We wondered what would happen if there were an emergency and we’d both have to travel.  Or what if Craig got one of those good business gigs to Africa and I could join him after?  The answer to the first case, was we’d leave her at the vets, for as short  a time as possible.  In the second case, I’d stay home

Today, Craig reported Maizie seemed a little out of it on their walk.  She’s sleeping now.  She sleeps mostly.  Italy is probably off the table for a while, unless she takes a turn for the worst in the next few days.  We might ask the musician if he’s interested in the gig, not for Italy, but generally, if she lives a while, and come spring we want to use those tickets.

This is it.  There aren’t a lot of choices.  Putting down an animal is never easy.  But it probably helps if it’s already too late, if their suffering is obvious. In some dispassionate way, I don’t think it would be a big deal to deprive her of continuing a journey that is almost at its end, and may involve a steep uphill slog.  That’s in the abstract.  In reality, I couldn’t see getting her into the car, which often signals trouble but sometimes signals fun, driving her to Dr. Dan’s, where she’ll greet my nephew like a friend and then look at it me like I’ve betrayed her when she remembers it’s a doctor’s office. I couldn’t imagine my husband, lifting a now shaking dog onto the table as Dr. Dan gets the needle ready, and feeling for the rest of our lives that we deprived her of something, even though I’m not exactly sure what.

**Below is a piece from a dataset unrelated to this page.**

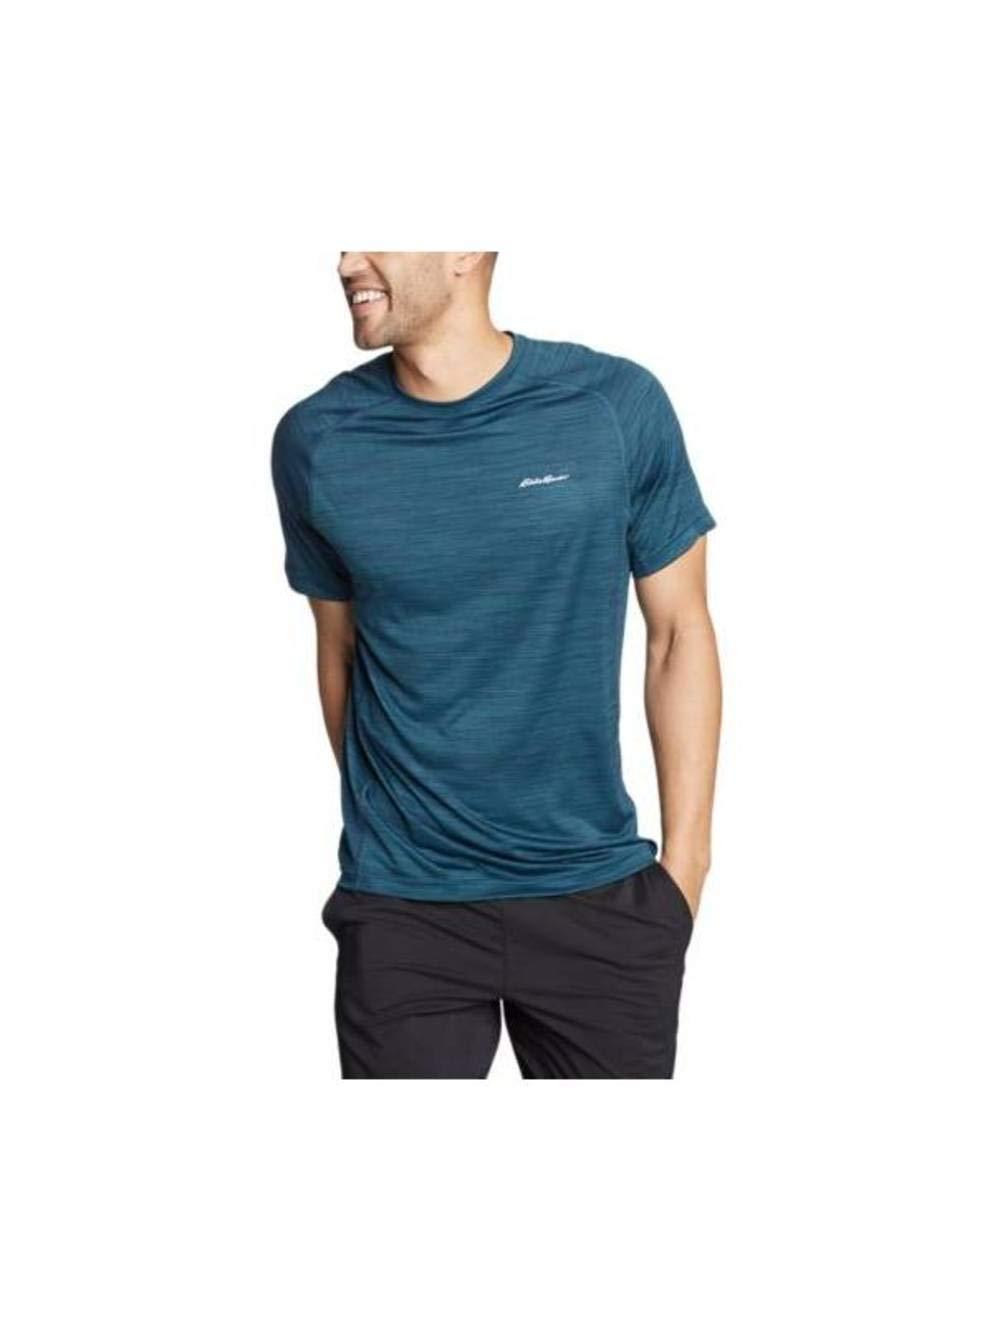 Eddie Bauer Men's Resolution Short-Sleeve T-Shirt, Mallard Regular S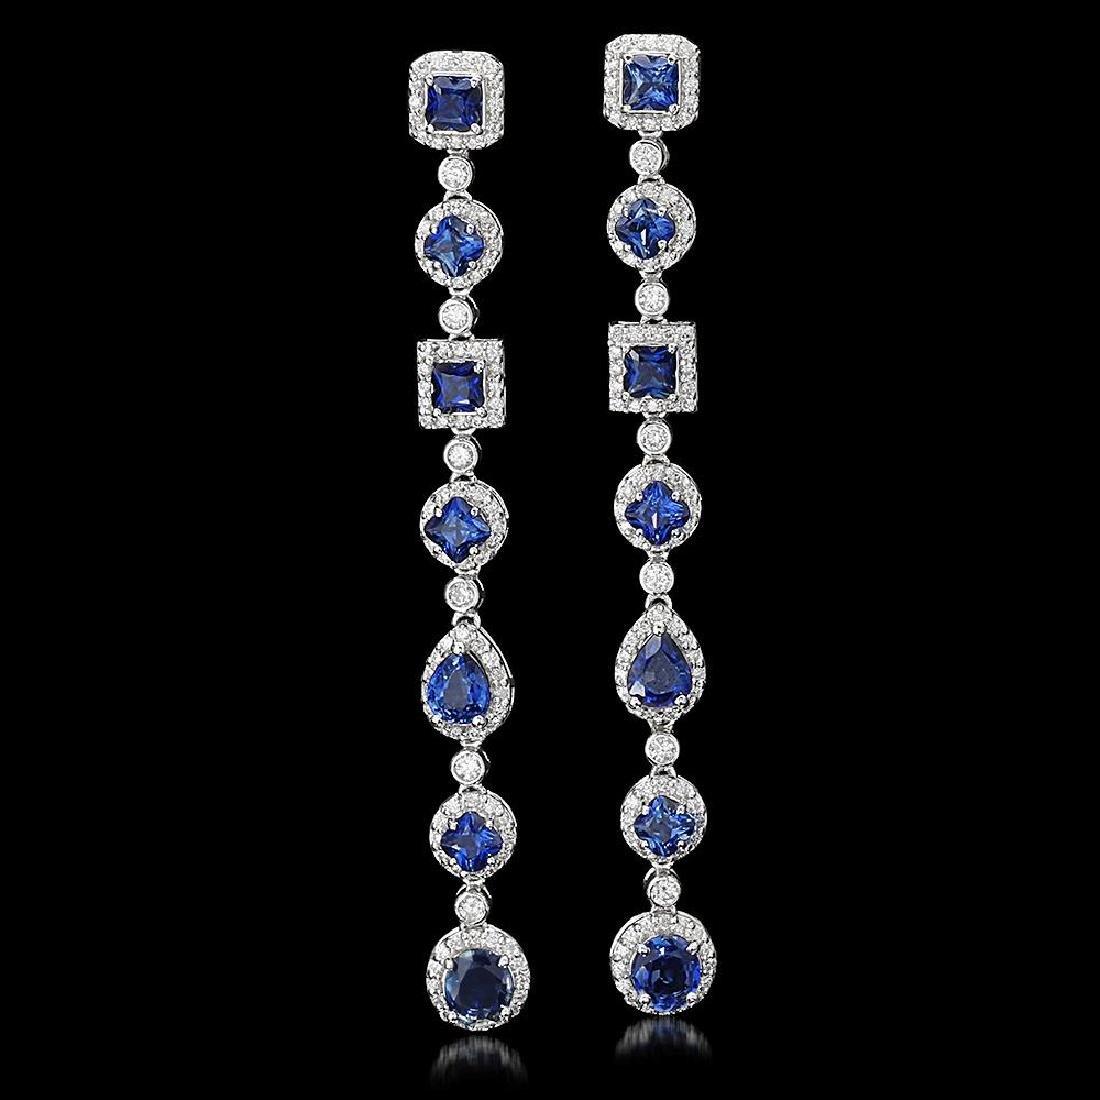 18K Gold 6.39ct Sapphire 2.87ct Diamond Earrings

UPDATE:  1/12/12: We canceled Italy. The good news is I may go to see a show on Saturday, have tickets to see Al Green, Lin-Manual Miranda and POTUS at the Apollo on 1/19, and the better half and I will be taking some time off to celebrate doing New Yorky things.  Maizie seems to be doing better.  We went to the vet just to check in and because she was licking herself a lot.  He said it was a probably just an irritation from lying all day on a hard spot.  He said she looked great for a dog her age, even for one who doesn’t have cushings.  No seizures since the ones that almost caused her executions. We decided not to put our lives on hold and called up a bunch of kennels.  We found that some wanted to put her in a “special care” doggy nursing home where she would be tended to way more than she would ever want.   We now have two potential reasonably priced places that we think will work and will check both of them out.  Maizie will definitely do a test run of two days to make sure she can tolerate the boarding.